Some years ago, Matt Visser asked the following interesting questions: How much of modern cosmology is really cosmography? How much of modern cosmology is independent of the Einstein equations? (Independent of the Friedmann equations?) These questions are becoming increasingly germaneas the model’s cosmologists use for the stress-energy content of the universe become increasingly baroque. Therefore, in this paper we will discuss a novel Newtonian cosmology model with vortex, which offers wide implications from solar system, galaxy modeling up to large scale structures of the Universe. The basic starting point is very simple: It has been known for long time that most of the existing cosmology models have singularity problem. Cosmological singularity has been a consequence of excessive symmetry of flow, such as “Hubble’s law.” More realistic one is suggested, based on Newtonian cosmology model but here we include the vortical-rotational effect of the whole Universe. We review an Ermakov-type equation obtained by Nurgaliev, and solve the equation numerically with Mathematica. A potential application is also considered, namely for understanding tornado dynamics using 3D Navier-Stokes equations. It is our hope that the new proposed method can be verified with observations, in order to open new possibilities of more realistic nonlinear cosmology models.

Keywords

Ermakov-type equation; Nonlinear cosmology; Newtonian cosmology; Vortex dynamics, turbulence; Navier-Stokes equations; Spiral galaxy

Introduction

Some years ago, Matt Visser asked the following interesting questions: How much of modern cosmology is really cosmography? How much of modern cosmology is independent of the Einstein equations? (Independent of the Friedmann equations?) These questions are becoming increasingly germane-as the model’s cosmologists use for the stress-energy content of the universe become increasingly baroque [1].

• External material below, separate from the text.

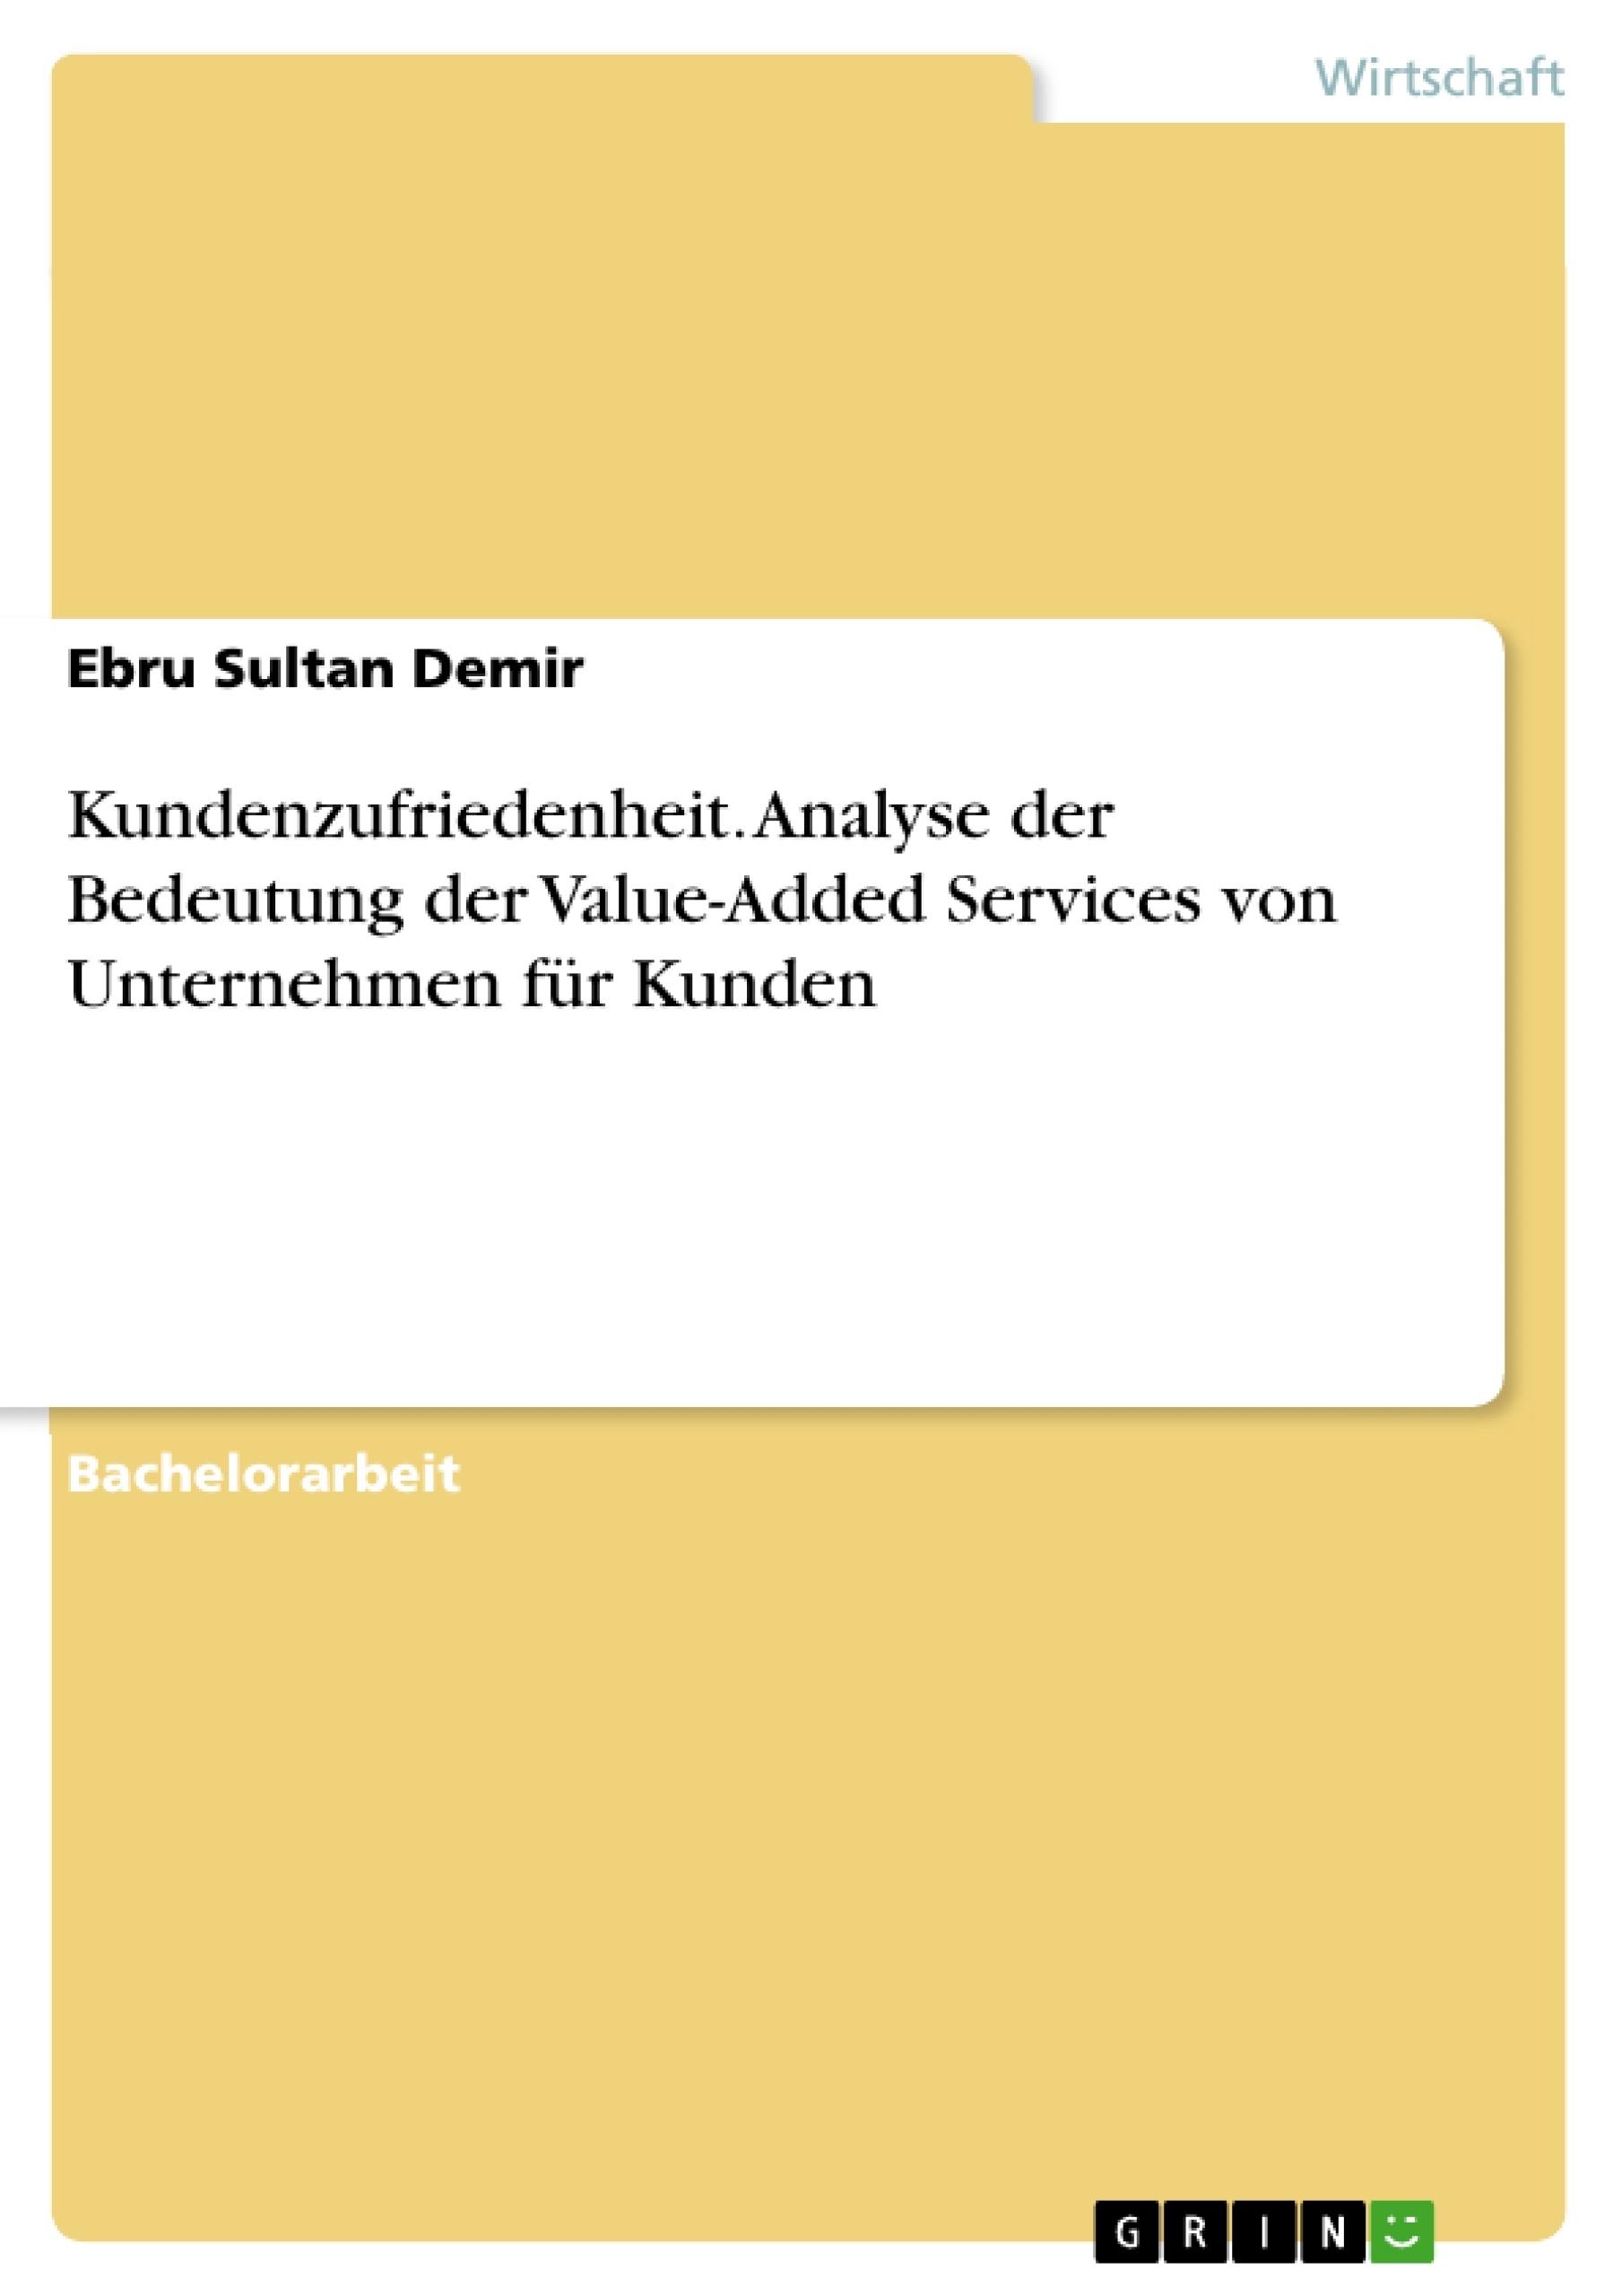 Titel: Kundenzufriedenheit. Analyse der Bedeutung  der Value-Added Services von Unternehmen für Kunden
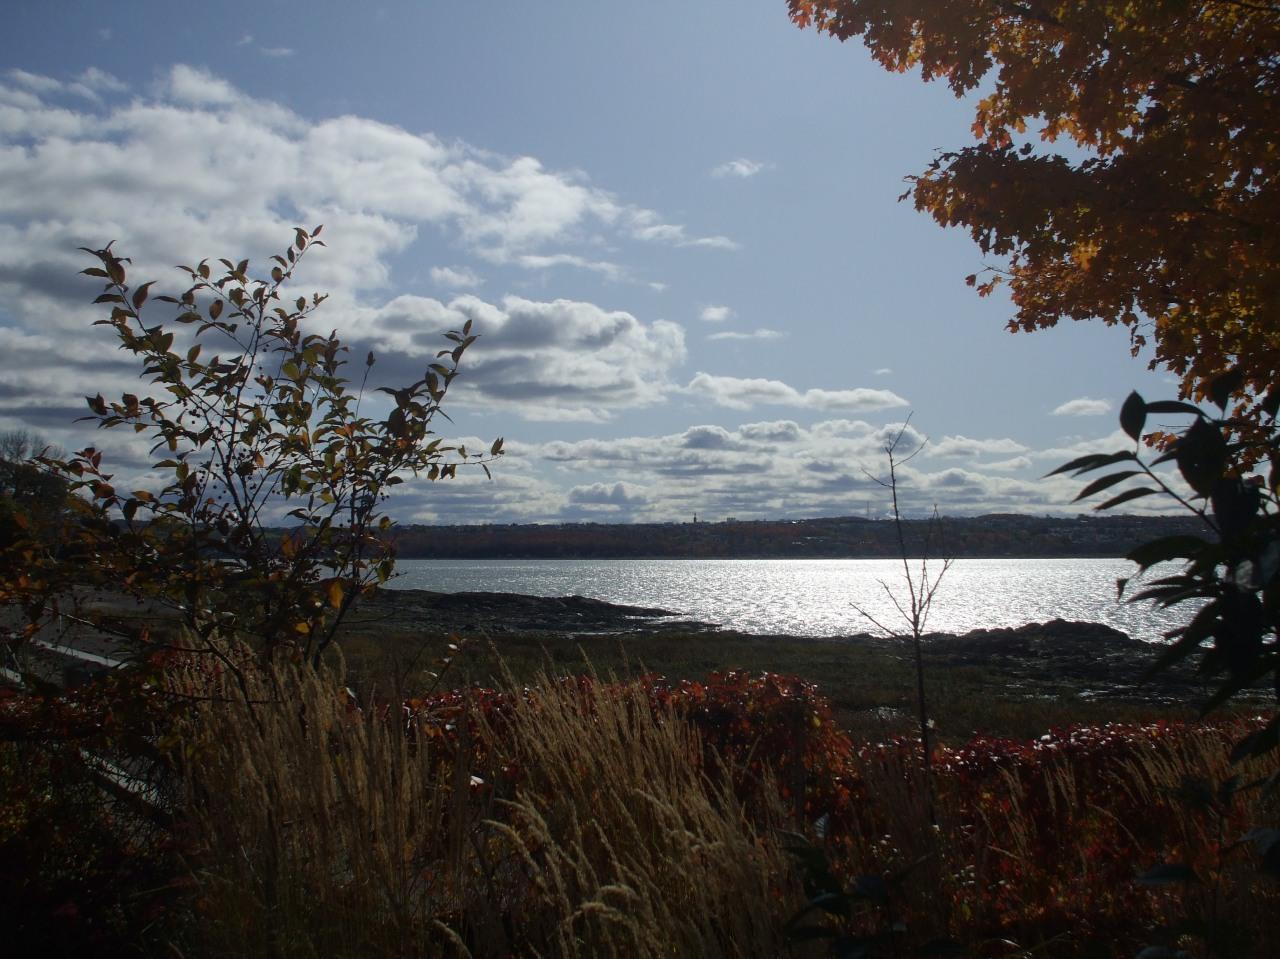 City Scenes: Quebec andMontreal

In this regard, academician Isaak Khalatnikov mentioned at the 13^th Marcel Grossman Conference, that Lev Landau suggesting that something is too symmetric in the models yielding singularities, and that this problem is one of the three most important problems of modern physics. The aim of this report is to show that singularities are, indeed, consequences of such an overly “symmetrical approach” in building non-robust (i.e. without structural stability) toy models with singularities. Such models typically apply a synchronous system of reference and “Hubble’s law”, neglecting not-tobe- averaged-out quadratic terms of perturbations (specifically, differentially rotational velocities, vortexes) [2].

Only by accounting the overlooked factors instead of Einstein’s ad hoc introduction of a new entity, which was later declared by him as his “biggest blunder”, can we correctly interpret accelerated cosmological expansion, as well as provide possibility of static solution. The common perception of the observed accelerated expansion is that there is need either in modifying the General Relativity or discover new particles with unusual properties. Both ways are possible depending on what kind of system of reference and corresponding interpretation are chosen, a decision which is usually made depending on the level of “geometrization” [2].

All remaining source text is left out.